Pandas provides easy-to-use methods for combining DataFrames.


In [None]:
# Concatenation
df1 = pd.DataFrame({'A': [1, 2], 'B': [3, 4]})
df2 = pd.DataFrame({'A': [5, 6], 'B': [7, 8]})

concat_df = pd.concat([df1, df2], ignore_index=True)
print("\nConcatenated DataFrames:\n", concat_df)

# Merging DataFrames
left = pd.DataFrame({'key': ['A', 'B', 'C'], 'left_value': [1, 2, 3]})
right = pd.DataFrame({'key': ['A', 'B', 'D'], 'right_value': [4, 5, 6]})

merged_df = pd.merge(left, right, on='key', how='outer')
print("\nMerged DataFrame (outer join):\n", merged_df)

# 6. Aggregation and Grouping

Pandas provides powerful grouping and aggregation functions to summarize data.


In [None]:
# Grouping by a column
grouped_df = dataframe.groupby('City')['Age'].mean()
print("\nAverage Age per City:\n", grouped_df)

# Aggregating data using multiple functions
agg_df = dataframe.groupby('City').agg({'Age': ['mean', 'min', 'max']})
print("\nAggregated Age statistics by City:\n", agg_df)
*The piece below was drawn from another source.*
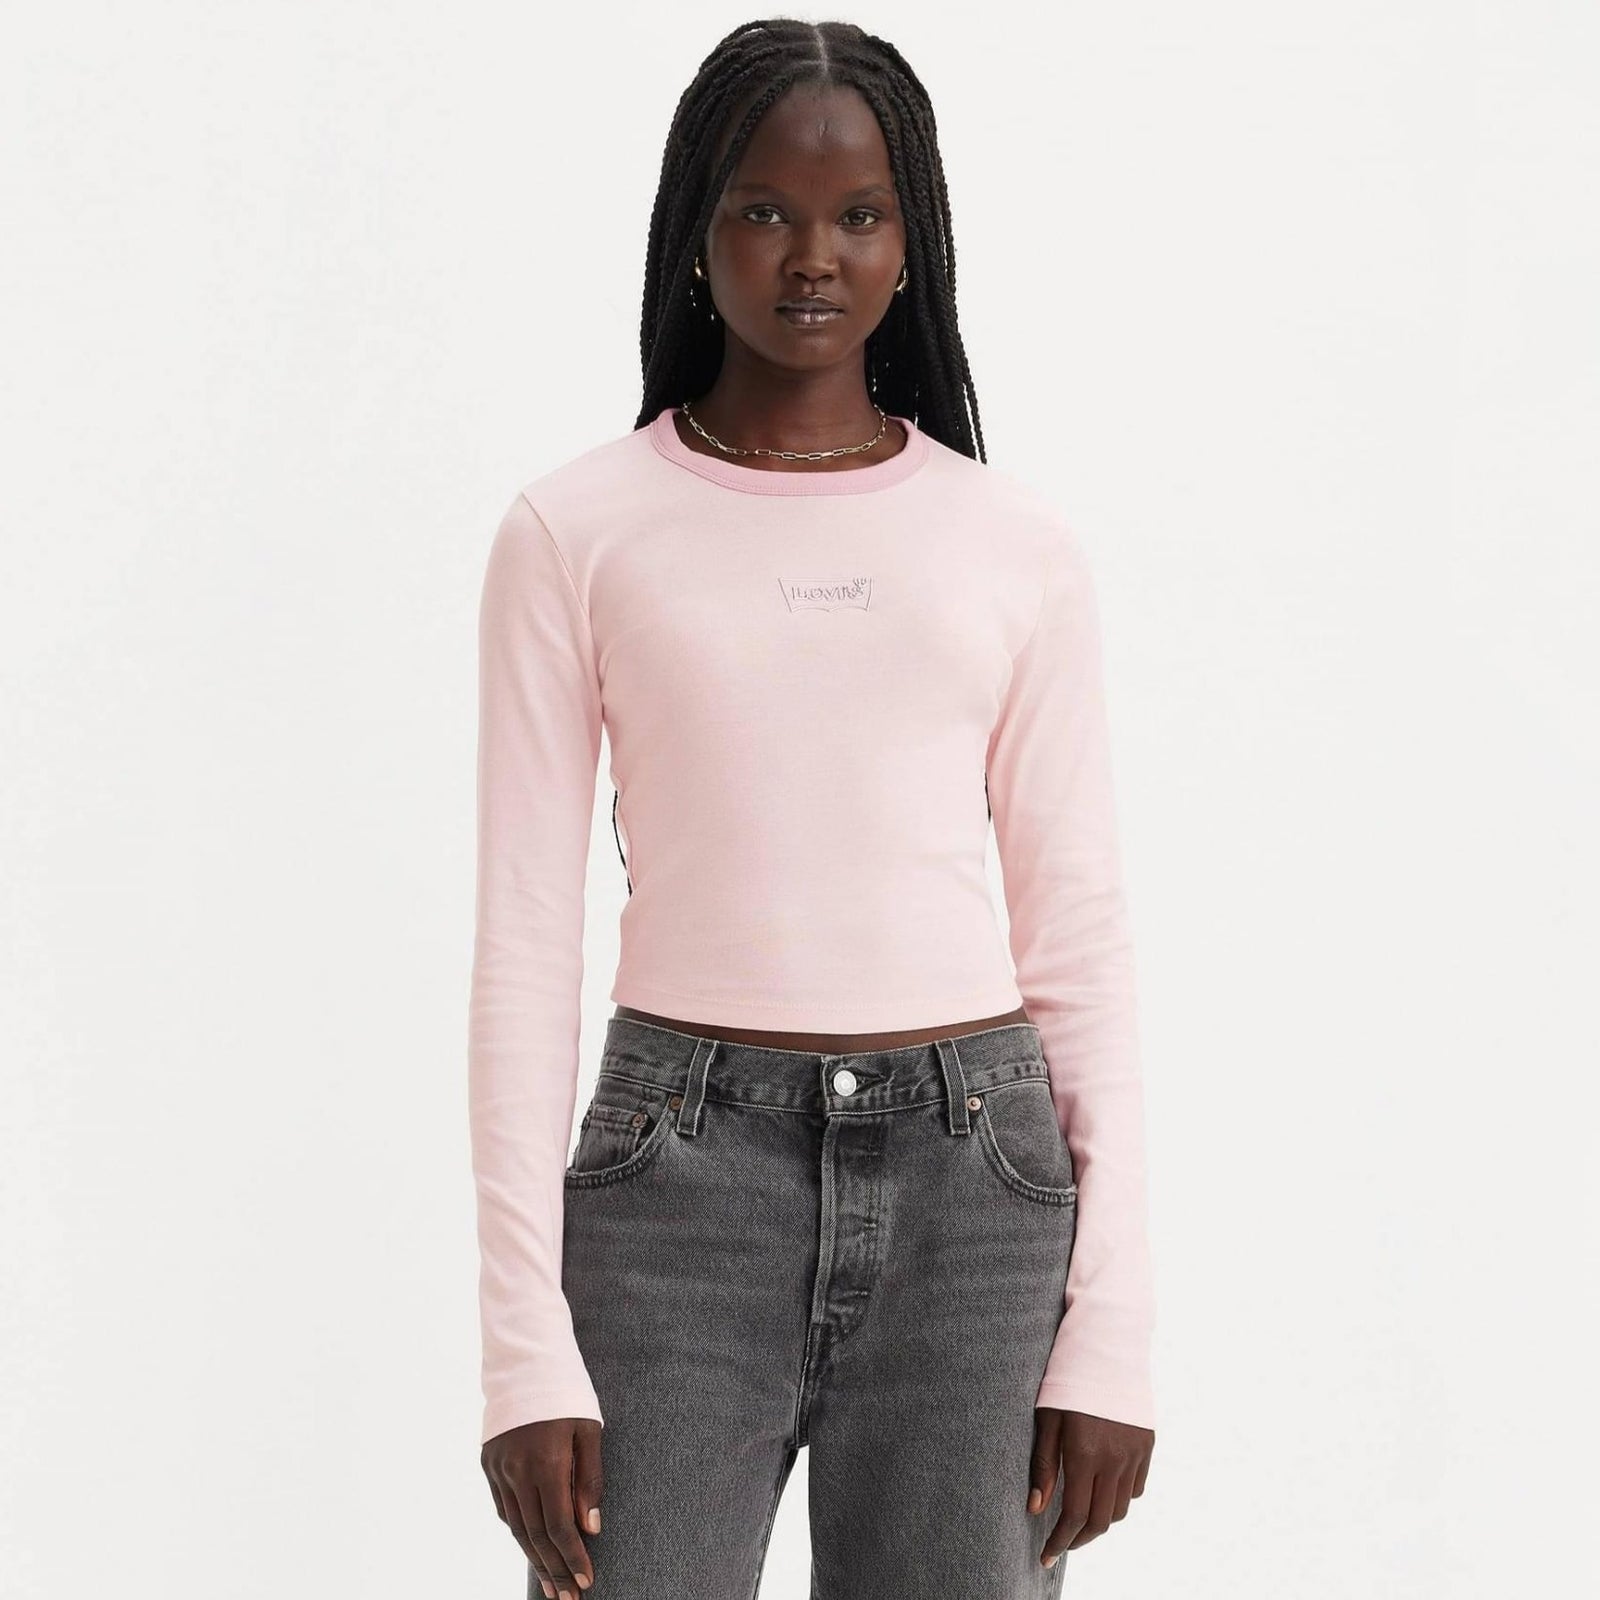 Levi's Graphic Mini Ringer Long Sleeve Tee in Chrome Outline Batwing Mauve Chalk Pink

# 7. Working with Time Series Data

Pandas has robust tools for handling time series data, including parsing dates and resampling.


In [None]:
# Creating a time series
date_range = pd.date_range('2024-01-01', periods=5, freq='D')
time_series = pd.Series(np.random.randn(5), index=date_range)
print("\nTime Series Data:\n", time_series)
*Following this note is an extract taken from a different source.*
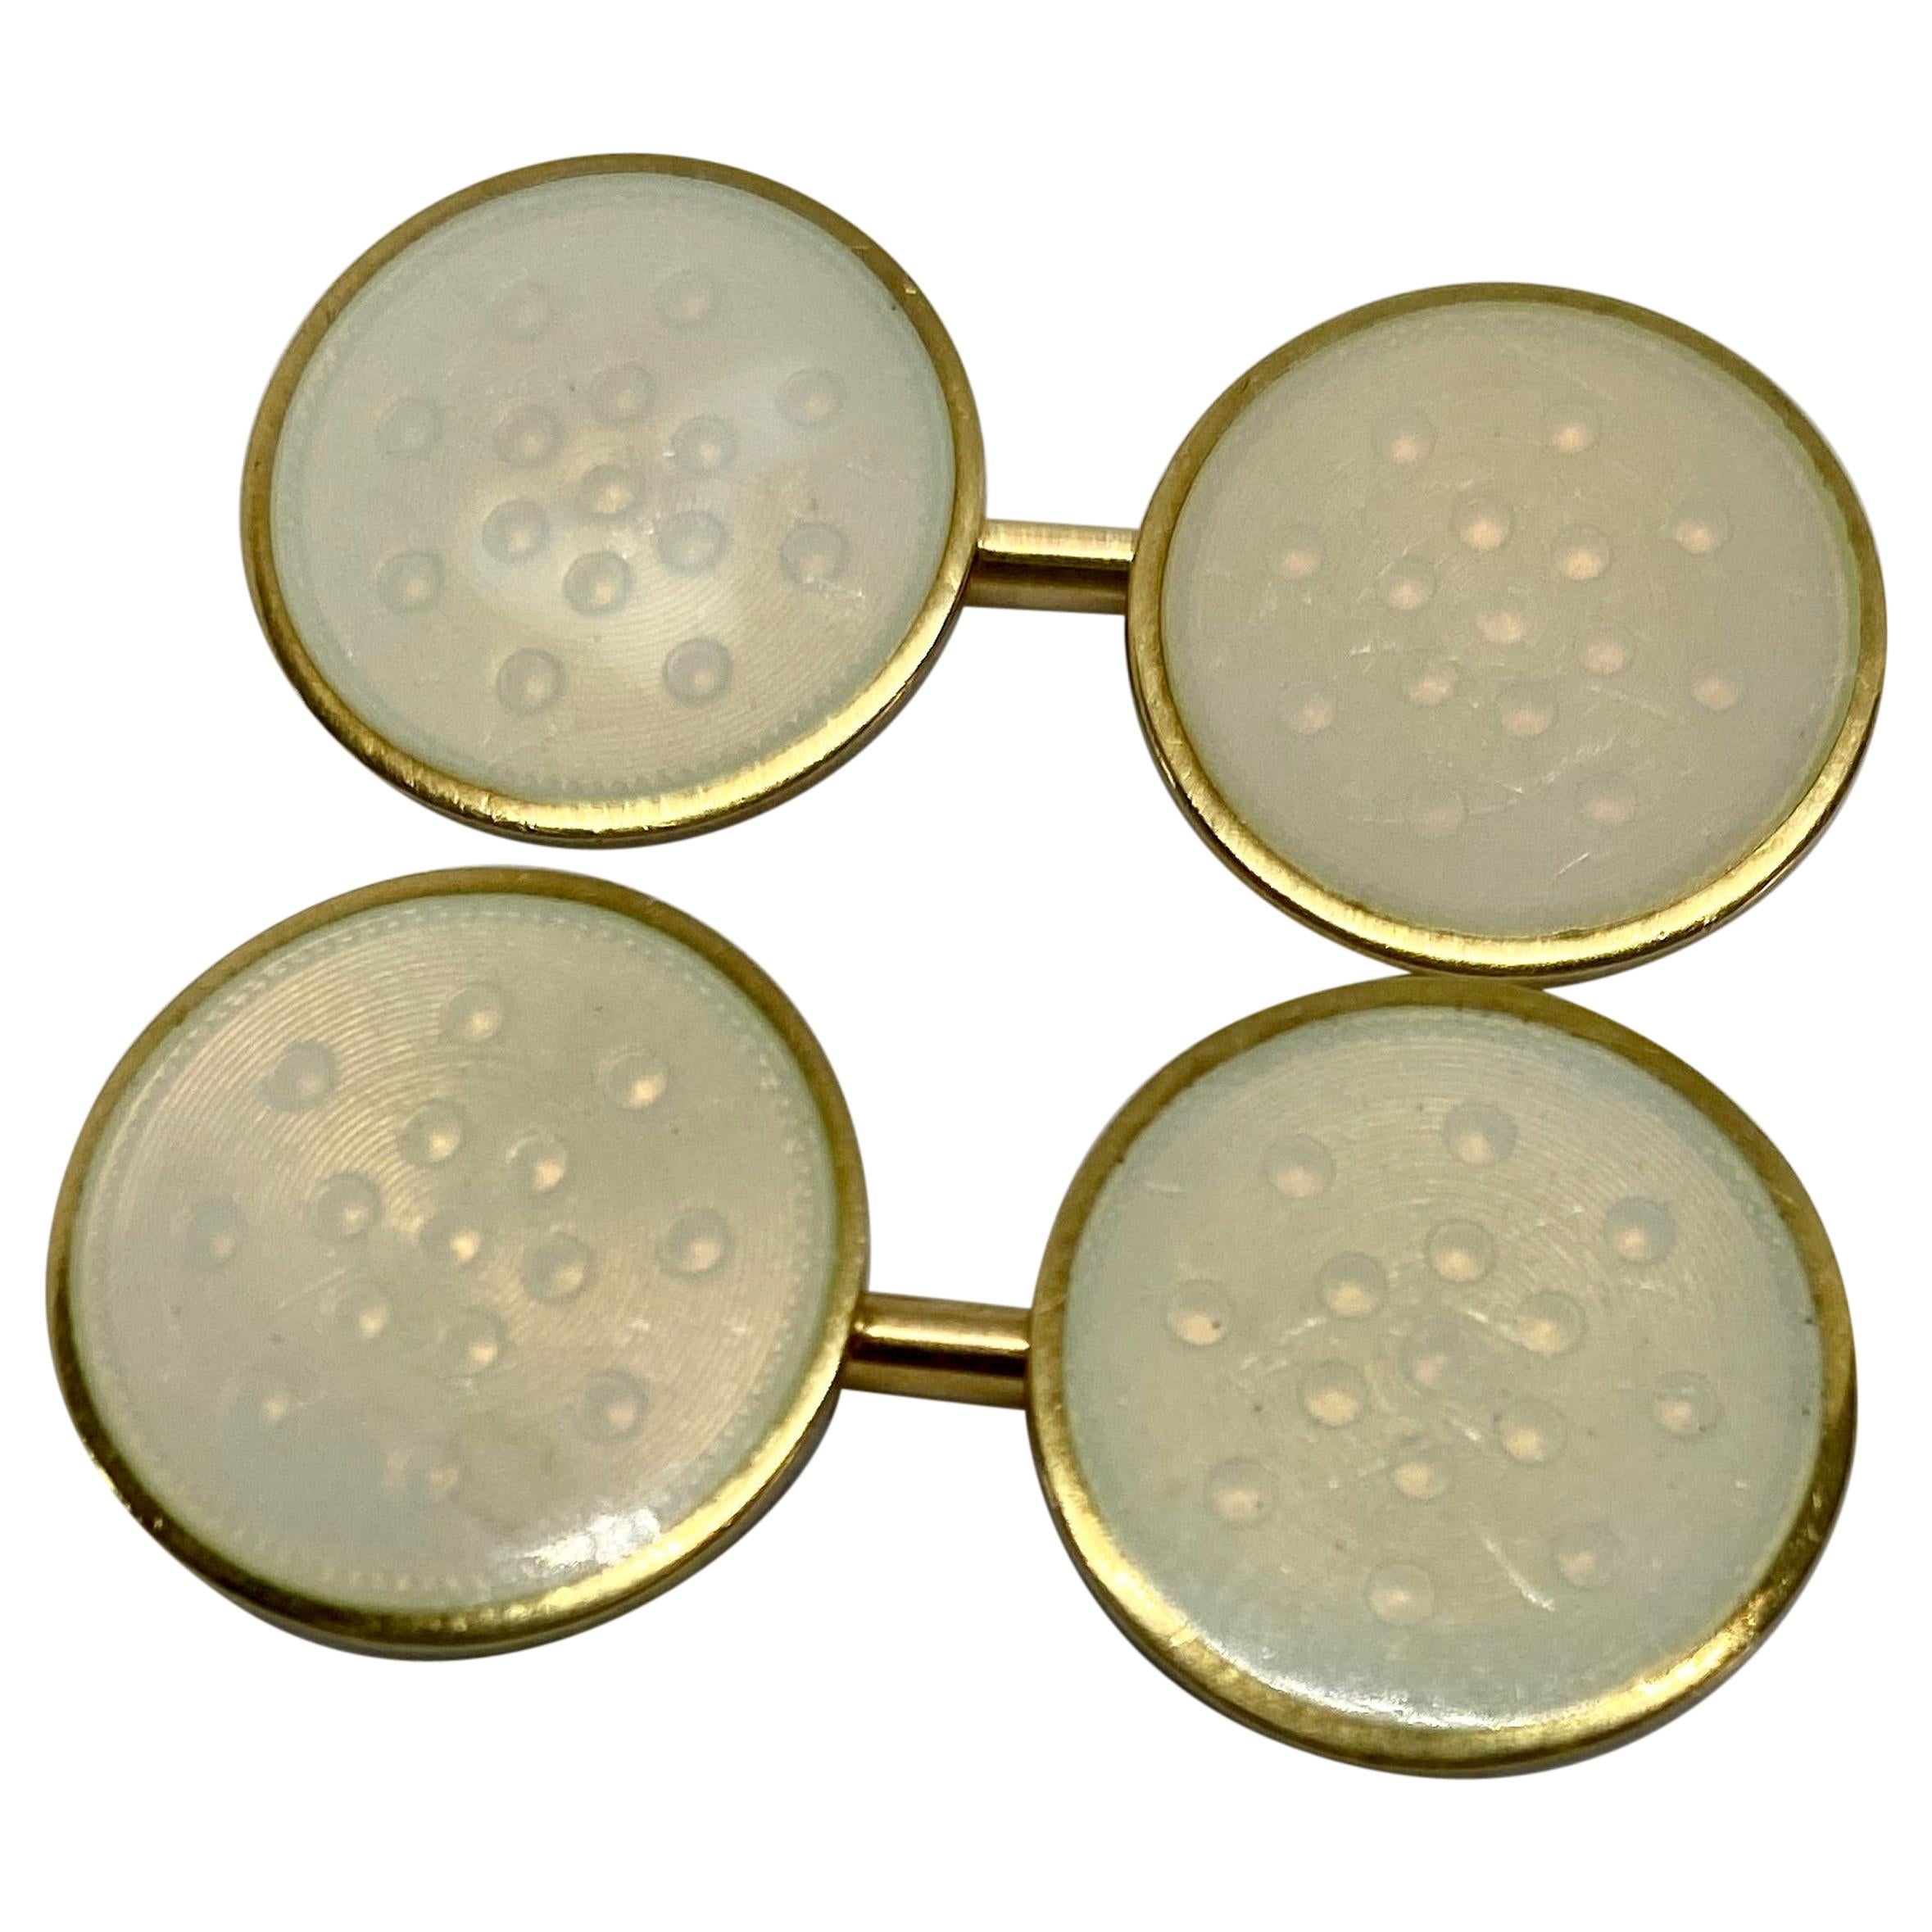 Double-Sided Cufflinks with Yellow Gold and Creme-Colored Enamel

# Resampling time series data
resampled_series = time_series.resample('2D').mean()
print("\nResampled (2-day mean):\n", resampled_series)

# 8. Input and Output: Reading and Writing Data

Pandas supports a wide variety of file formats to read and write data, including CSV, Excel, JSON, and SQL.

# Reading from a CSV file

You can read data from a CSV file using:

```
df_from_csv = pd.read_csv('data.csv')
```

# Writing DataFrame to a CSV file

To write a DataFrame to a CSV file, use:

```
dataframe.to_csv('output.csv', index=False)
```

# Reading from and writing to Excel

To read/write Excel files, install the openpyxl library:

```
!pip install openpyxl
```

Reading:

```
df_from_excel = pd.read_excel('data.xlsx')
```

Writing:

```
dataframe.to_excel('output.xlsx', index=False)
```


# Conclusion

In this tutorial, we covered the basics of pandas, including data manipulation, cleaning, merging, and grouping operations. Pandas is an essential tool for data analysis and manipulation in Python.